Market Insight

The challenge dilapidations costs

January 19, 2015

January 19, 2015

David Castle - Vail Williams PartnerDavid Castle, Partner

David Castle, partner at commercial property consultancy Vail Williams offers advice and input around the challenge of reducing dilapidations exposure for businesses – offering quality, objective business guidance and top tips.

The majority of commercial property leases require the occupier (the tenant) to keep the property in repair and good order – not doing so could have major cost implications when it’s time to exit the property.

The precise requirements will be set out in the lease but it is likely to contain obligations regarding repair; the requirement to redecorate; and to remove, at the end of the lease, any alterations made to the property. Failure to comply with the requirements will usually result in a ‘dilapidations‘ claim from the landlord.
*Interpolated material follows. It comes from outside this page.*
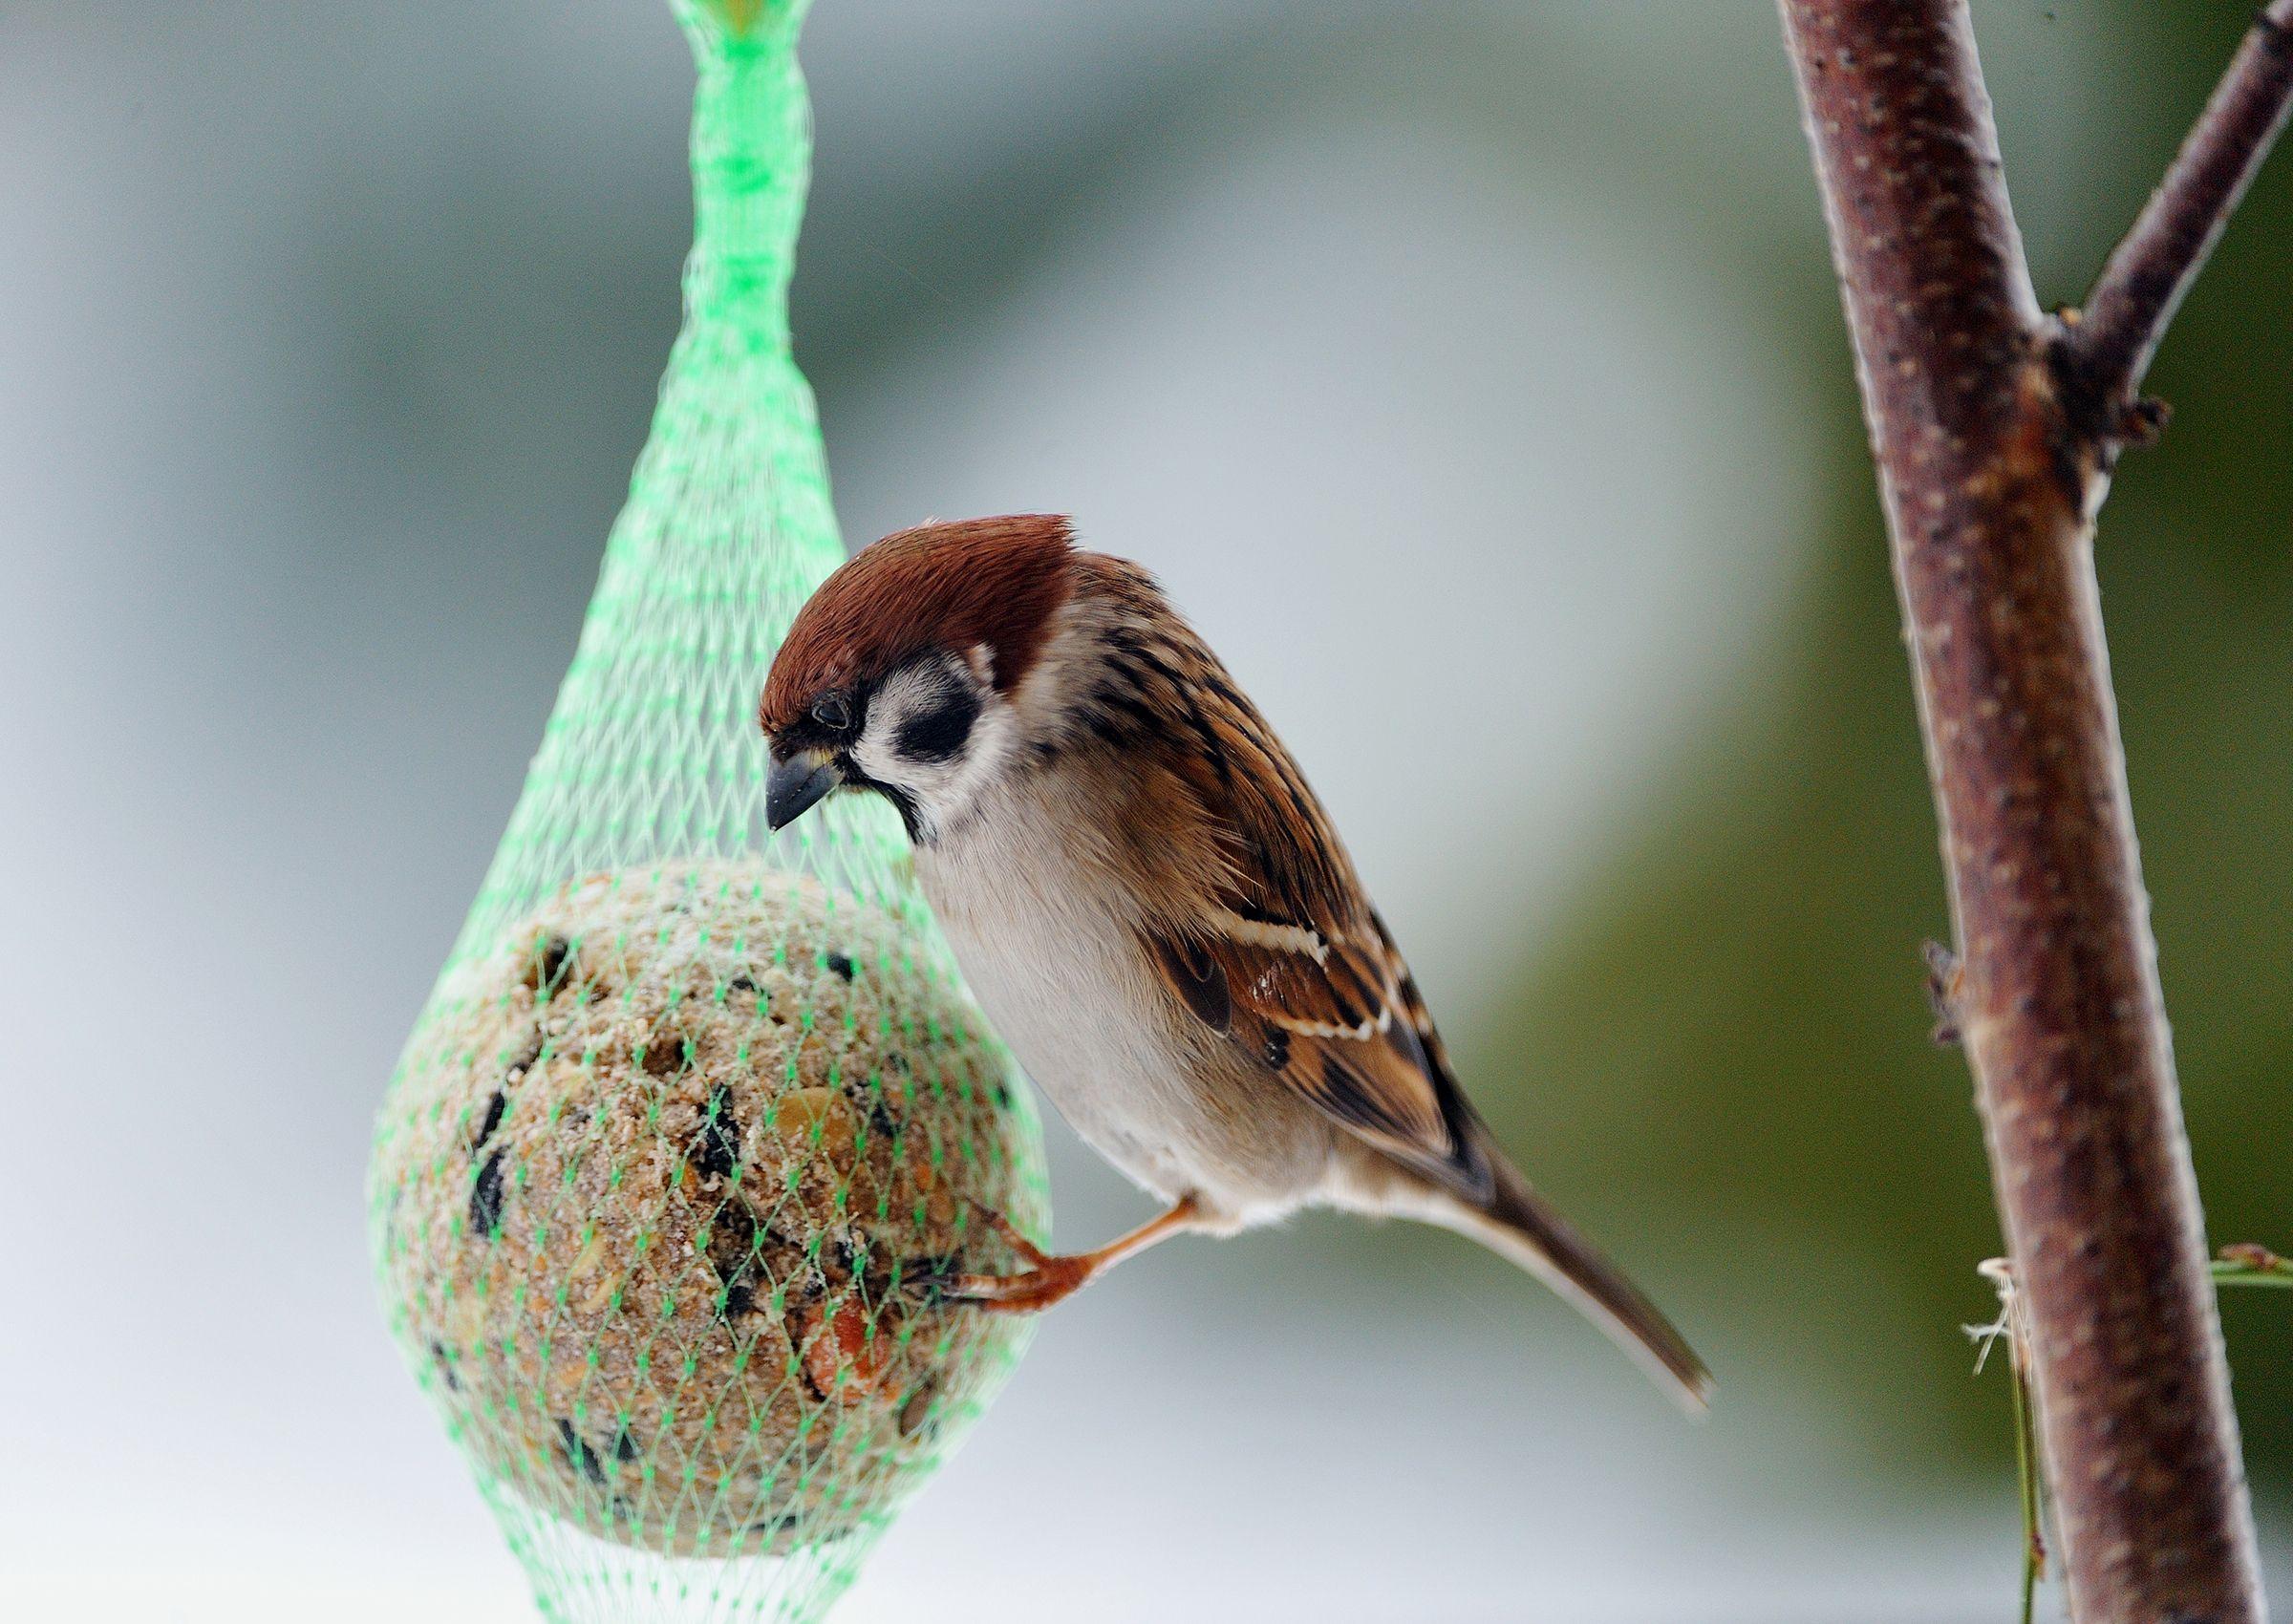 Jatka lintujen talviruokintaa, kunnes luonto tarjoaa taas syötävää. Lue Meidän talon vinkit ja kata ravitseva ateria pihapiirin sirkuttajille.

Depending on the size and nature of the property, and the precise obligations set out in the lease, this claim could range from a few thousand to many millions of pounds. It is not unusual for landlords to take a very different view of their tenants’ liabilities and for dilapidations disputes to become both protracted and acrimonious. Reducing landlord’s claims by 50 percent or greater is far from unusual and, while the final outcome might be satisfactory, the time and cost (surveyors/solicitors) to get there can be significant.
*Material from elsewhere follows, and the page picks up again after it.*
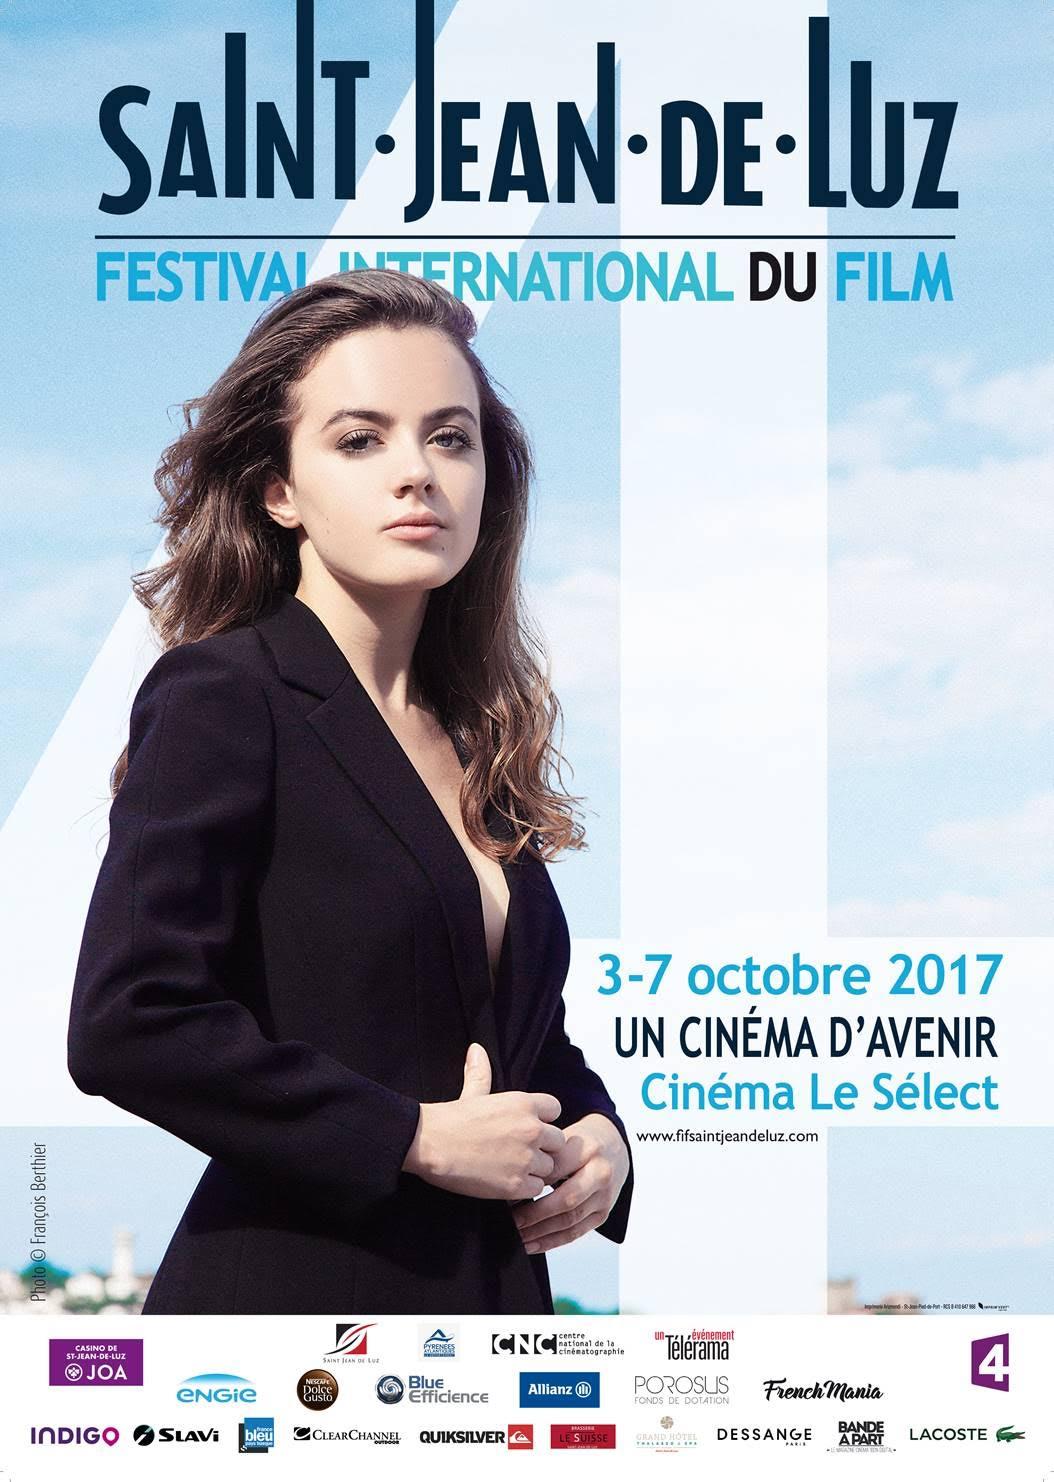 FrenchMania, partenaire du Festival international du film de Saint-Jean-de-Luz

For all these reasons, understanding and reducing this exposure should be considered as vitally important by any occupier, and this needs to start sooner rather than later:

Early negotiation

Consideration of future dilapidations liabilities must begin before the lease is signed. If not, the tenant may find themselves responsible for dealing with any outstanding repairs and for leaving the property in a better condition than at lease commencement. Less ambiguity when drafting the description of what exactly the tenant is responsible for, and can and can’t do, would go a long way to avoiding arguments at the end of the lease. Limiting the tenant’s obligations via a Schedule of Condition, allowing fair wear and tear or excluding certain parts of the property from the tenant’s obligations, are ways in which future exposure can be mitigated. If a business is looking to renew a lease and remain in occupation it is important that any accrued liabilities are considered and factored into the discussions. Simply postponing the inevitable and ‘rolling them forward’ might not be the best outcome from negotiations.

This said, Schedules of Condition are often not the panacea that many occupiers think they are. The tenant remains responsible for rectifying any deterioration, which may then necessitate repair or replacement of a particular part of the property anyway. Schedules also regularly do not get a mention in the lease obligations requiring the tenant to redecorate. The tenant remains responsible for redecoration – which then often remedies much of what was originally meant to be excluded by the Schedule.

During the lease

Given that potential dilapidations costs can be significant exposure, it is important to any business that they fully understand the nature of their repairing and reinstatement obligations and make appropriate financial provision – either for undertaking the required works during the term or for dealing with a claim at the end of the lease. Anticipating future liabilities can only be a good thing and dilapidations disputes often settle more straightforwardly when the tenant has forecasted for the liability. Understanding a future potential dilapidations exposure could also be a determining factor if a business is deciding whether or not to stay in occupation of particular premises or move to a new location.

There is also always the possibility that future dilapidations may be reduced by the landlord’s intentions for the property post lease expiry. Surveyors preparing lease end assessments should be asked to state their assumptions, and if appropriate assess this likelihood and explore a range of different scenarios.”

Lease breaks

Lease breaks can be a minefield for tenants – particularly if the break is conditional on the tenant completing certain obligations before the break date. Not dealing with these obligations, which can include complying with all the repairing, redecoration and reinstatement provisions in the lease, runs the risk of the break failing and the lease continuing – with potentially critical implications for any business. Early detailed attention is essential.

At the end of the term

In the months leading up to the end of the lease a business will normally have two options if it is intending to exit the property: either complete the required works before the end of the lease or simply vacate the building and await the inevitable dilapidations claim from the landlord. Early detailed consideration of the alternatives is essential if overall exposure is to be mitigated.

If the tenant completes the required works it means they are able to control its procurement and costs. But it may require early vacation to allow the works to go ahead. Awaiting the landlord’s claim does enable the tenant to stay in occupation for longer but any landlord’s claim will be likely to include other heads of claim such as fees, loss of rent and business rates for the length of time the works are likely to take. Careful scrutiny of any claim, a review in the context of the exact property, and precise requirements of the lease are required if the claim is to be reduced.

Unless the landlord actually carries out the works, the amount that he can claim from a tenant may be restricted by either statute (Section 18(1) of the Landlord & Tenant Act 1927) or common law – by limiting the claim to the landlord’s actual ‘loss’. This is not necessarily the same as the cost of the works required to remedy any breaches of the tenant’s obligations, particularly where a redevelopment or substantial alterations or refurbishment of the property are probable. Tenants should ensure that their surveyor considers the possibility and advises accordingly.